Espalier (/ᵻˈspælɪər/ or /ᵻˈspæli.eɪ/) is the horticultural and ancient agricultural practice of controlling woody plant growth for the production of fruit, by pruning and tying branches to a frame. Plants are frequently shaped in formal patterns, flat against a structure such as a wall, fence, or trellis. The term is also used to refer to plants which have been shaped in this way.

Espaliers, trained into flat two-dimensional forms, are used not only for decorative purposes, but also for gardens in which space is limited. In a temperate climate, espaliers may be trained next to a wall that can reflect more sunlight and retain heat overnight or oriented so that they absorb maximum sunlight by training them parallel to the equator. These two strategies allow the season to be extended so that fruit has more time to mature.

A restricted form of training consists of a central stem and a number of paired horizontal branches all trained in the same plane. The most important advantage is that of being able to increase the growth of a branch by training it vertically. Later, one can decrease growth while increasing fruit production by training it horizontally.

==History==
The word espalier is French, coming from the Italian spalliera, meaning "something to rest the shoulder (spalla) against." During the 17th century, the word initially referred only to the actual trellis or frame on which such a plant was trained to grow, but over time it has come to be used to describe both the practice and the plants themselves.

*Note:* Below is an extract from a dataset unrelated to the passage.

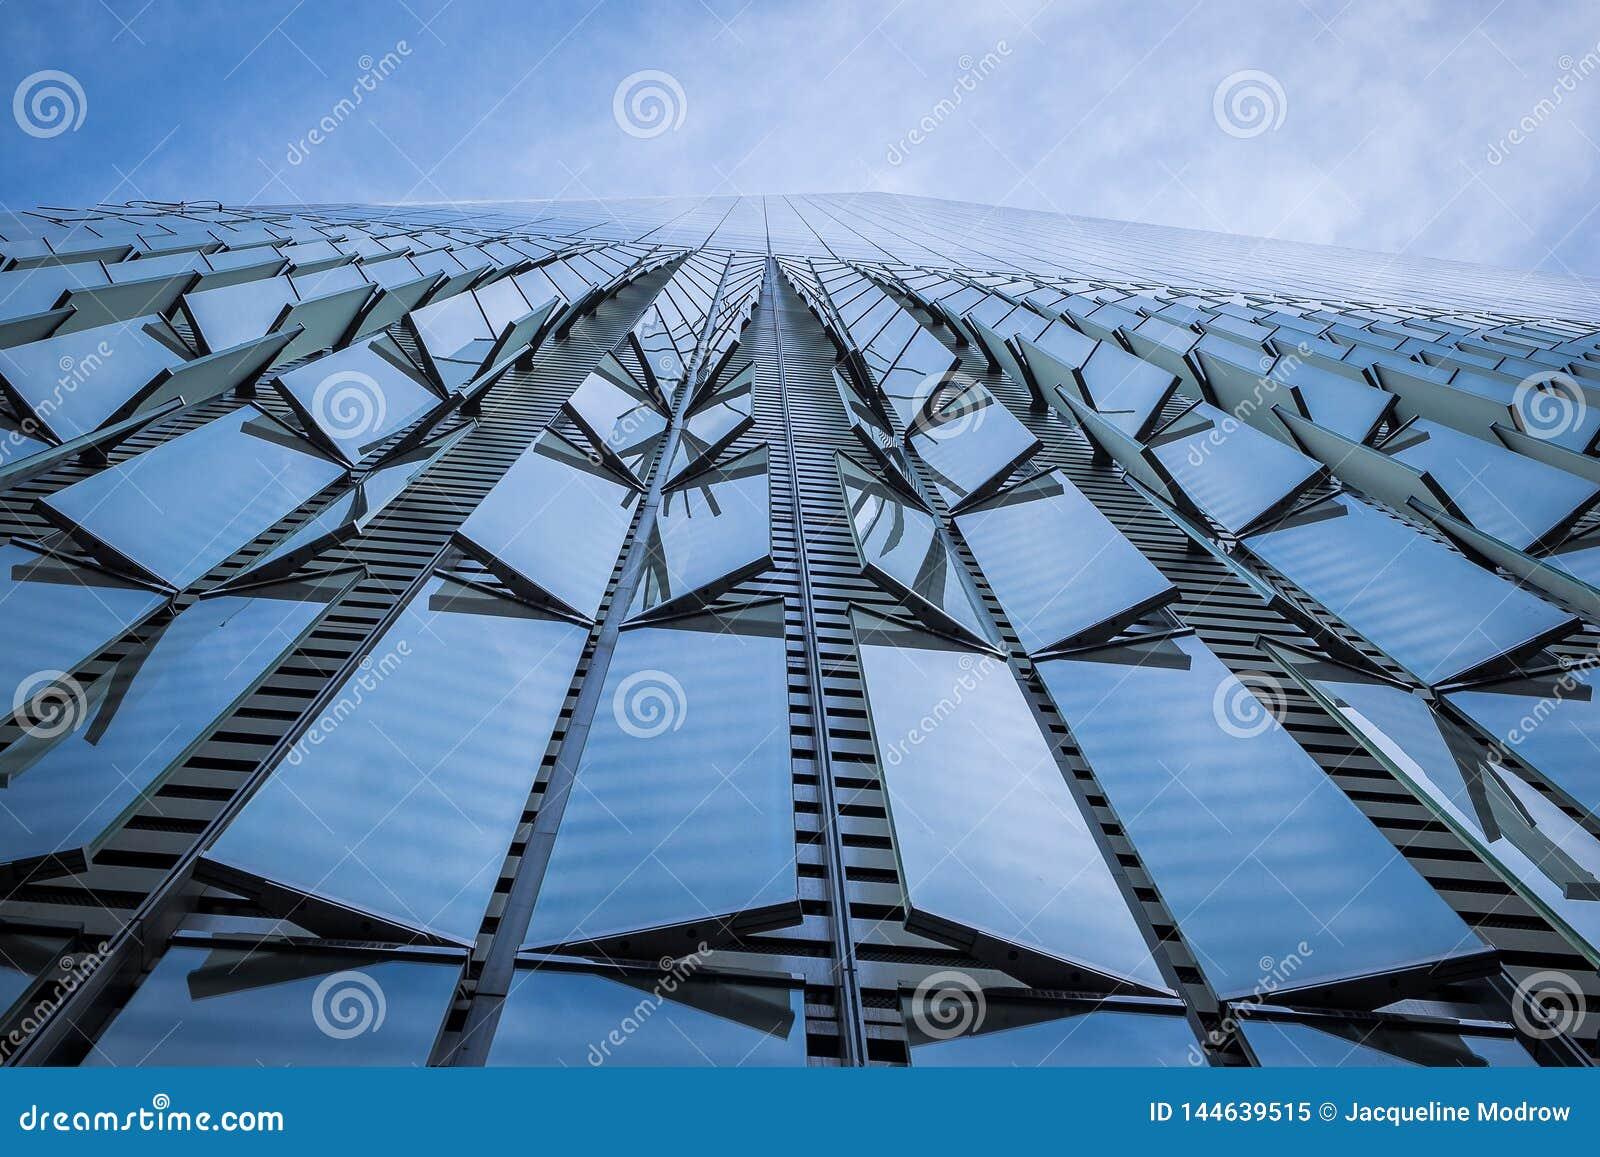 Lato di One World Trade Center come sembrate diritto su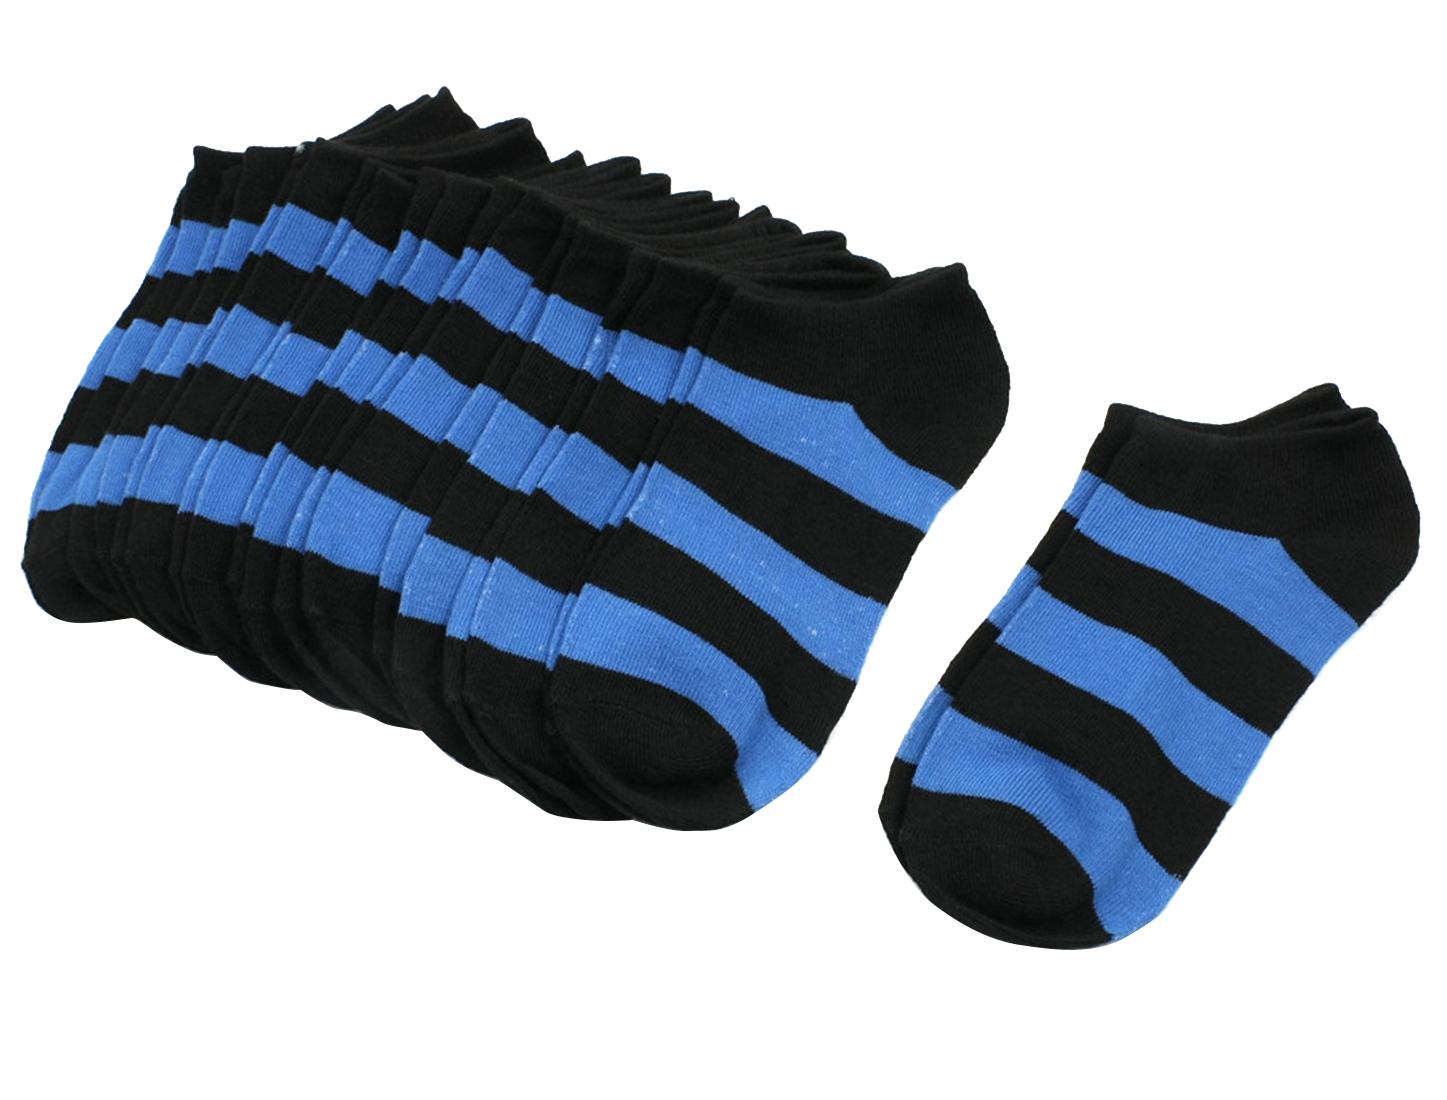 Girls Stripe Pattern Stretch Low Cut Ankle Socks Hosiery Blue Black 10 Pair

Espalier as a technique seems to have started with the ancient Romans. In the Middle Ages the Europeans refined it into an art. The practice was popularly used in Europe to produce fruit inside the walls of a typical castle courtyard without interfering with the open space and to decorate solid walls by planting flattened trees near them. Vineyards have used the technique in the training of grapes for hundreds or perhaps even thousands of years.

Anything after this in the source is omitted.